In the case of Grace, the path towards the resolution of her identity struggles and attempts to speak more Korean ultimately lay in developing an appreciation for study abroad as a multilingual and multicultural space. She found that interactions with fellow Korean-speaking international students from third countries including China and Iran who shared her desire to improve their Korean skills were valid and productive contexts for developing her linguistic proficiency, as well as for building her intercultural competence. Through this process, she moved away from seeing native Korean-speakers as the model that she needed to follow, and instead aspired to adopt the identity of a translingual international student who could skilfully switch between English, Korean, and other languages. With this shift, she gained confidence to use Korean in her interactions, while she also managed to shed the guilt that she had previously felt about using English, and she became interested in learning further languages and building her knowledge of additional cultures.
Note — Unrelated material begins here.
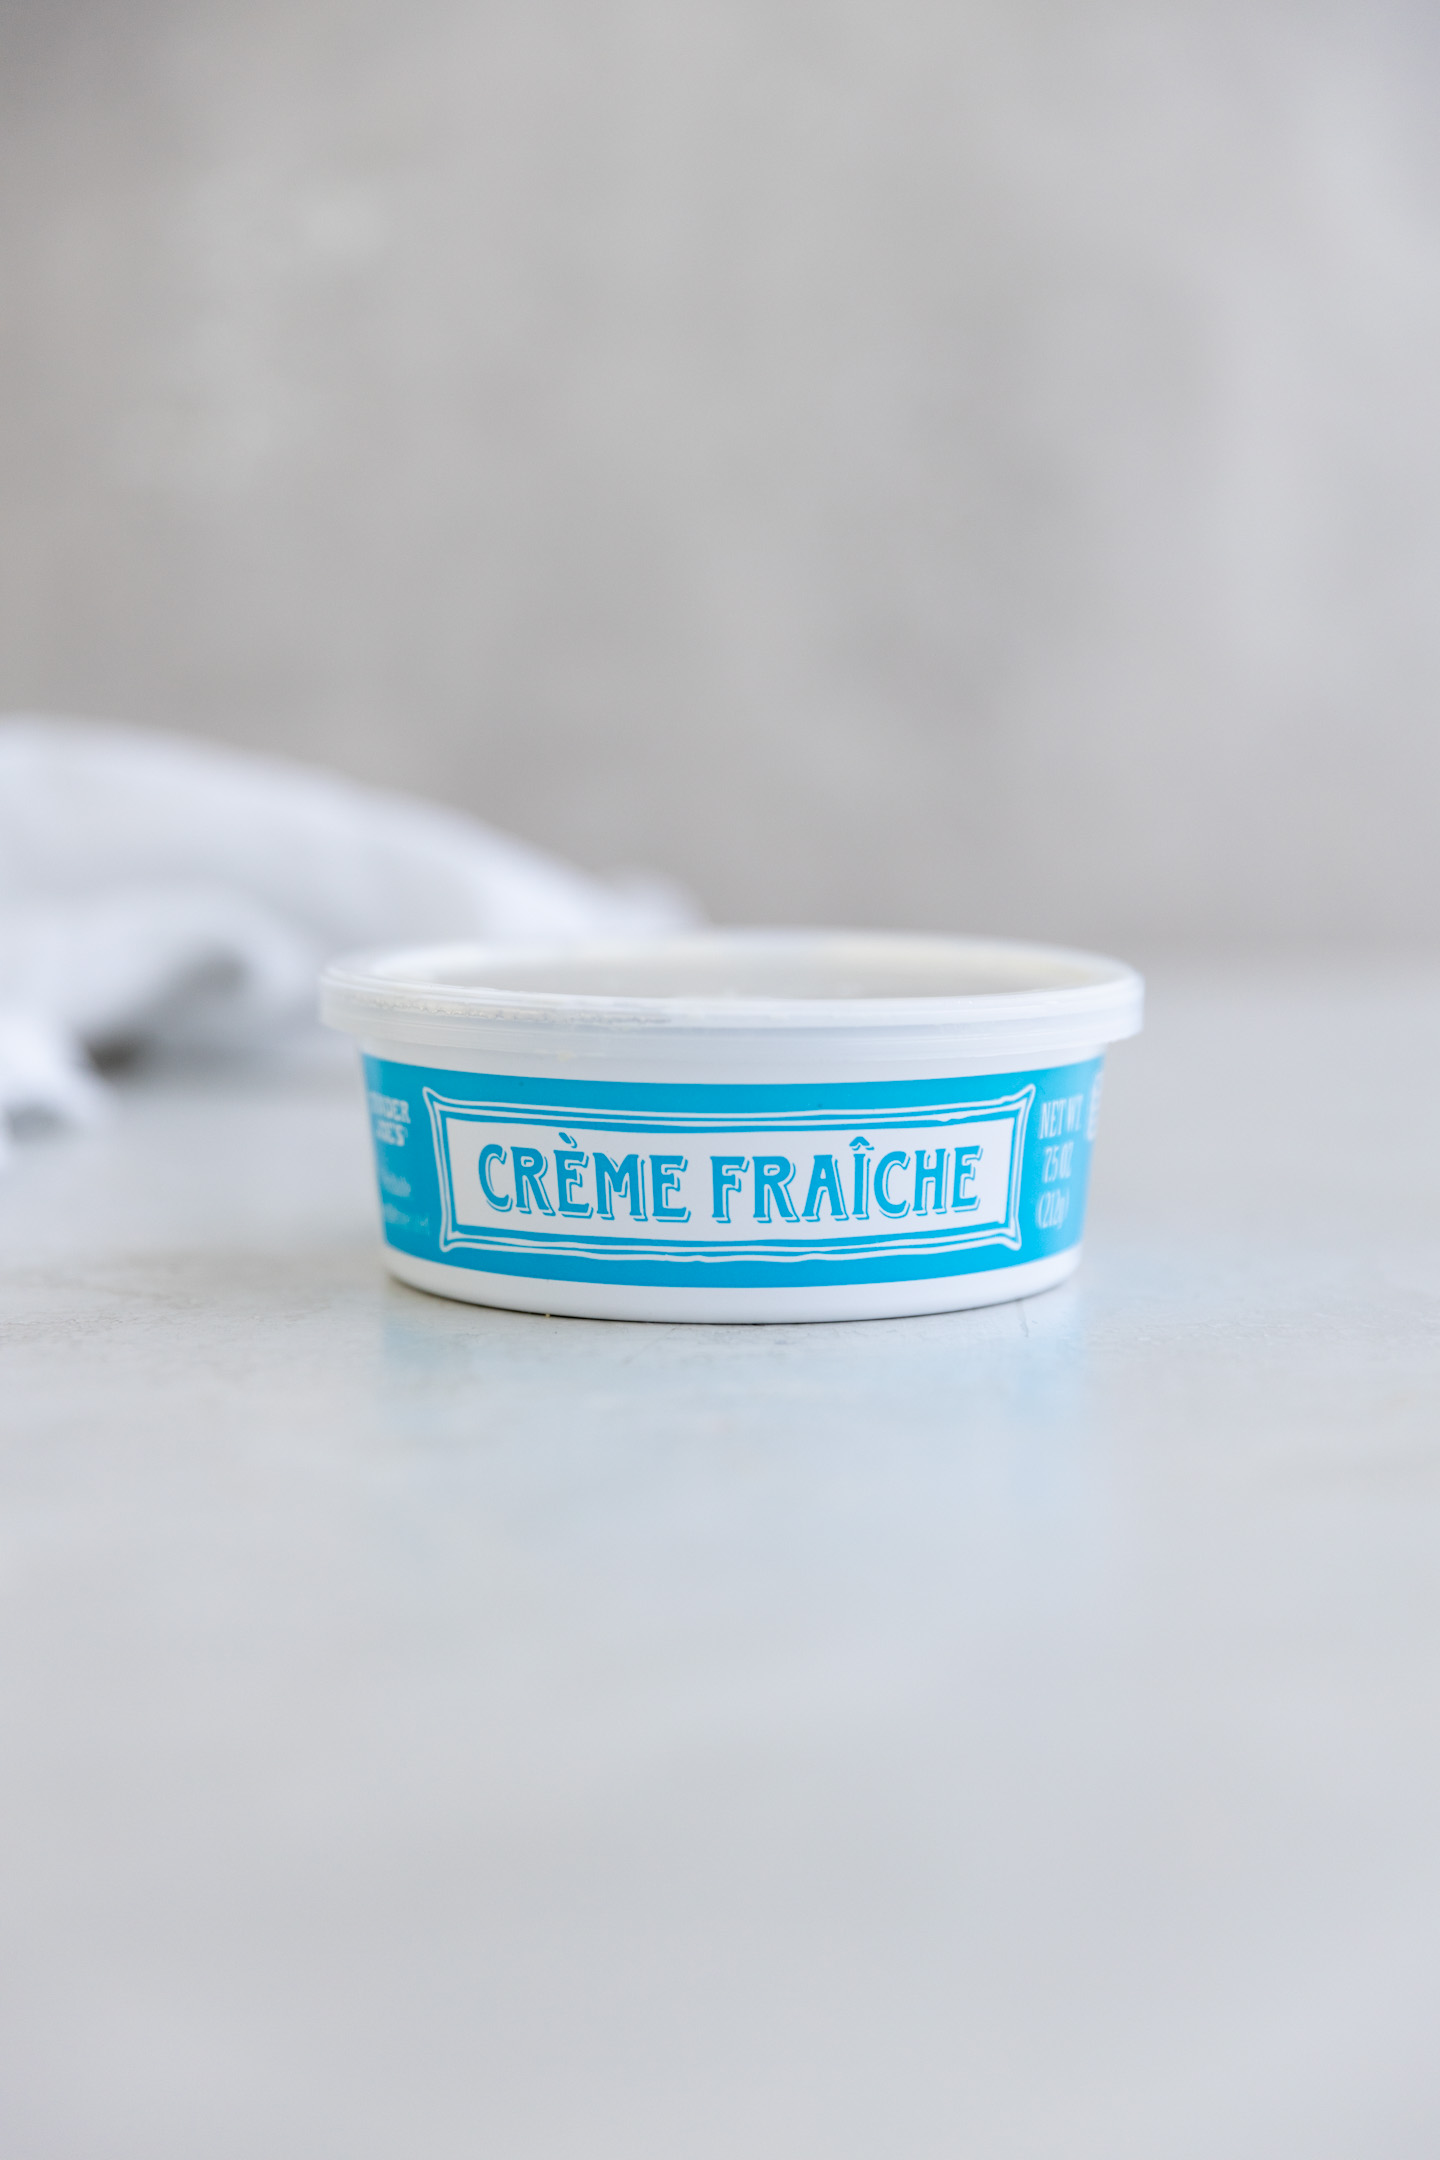 A tub of creme fraiche on a light grey surface.

The various studies suggest that students who are set to study abroad in South Korea might benefit from pre-departure training that explicitly sensitises them to these complex issues that involve the interaction of race, gender, sexuality, and linguistic ideologies. Such sessions should also look to break down the stereotype of study abroad as a monolingual setting where all that counts is speaking Korean with ‘real’ Koreans. They should pinpoint the importance of interactions with global Korean speakers (rather than just local Korea-born speakers) as the goal of study abroad and should further discuss how to balance and integrate the use of Korean, English, and other languages during sojourns in Korea.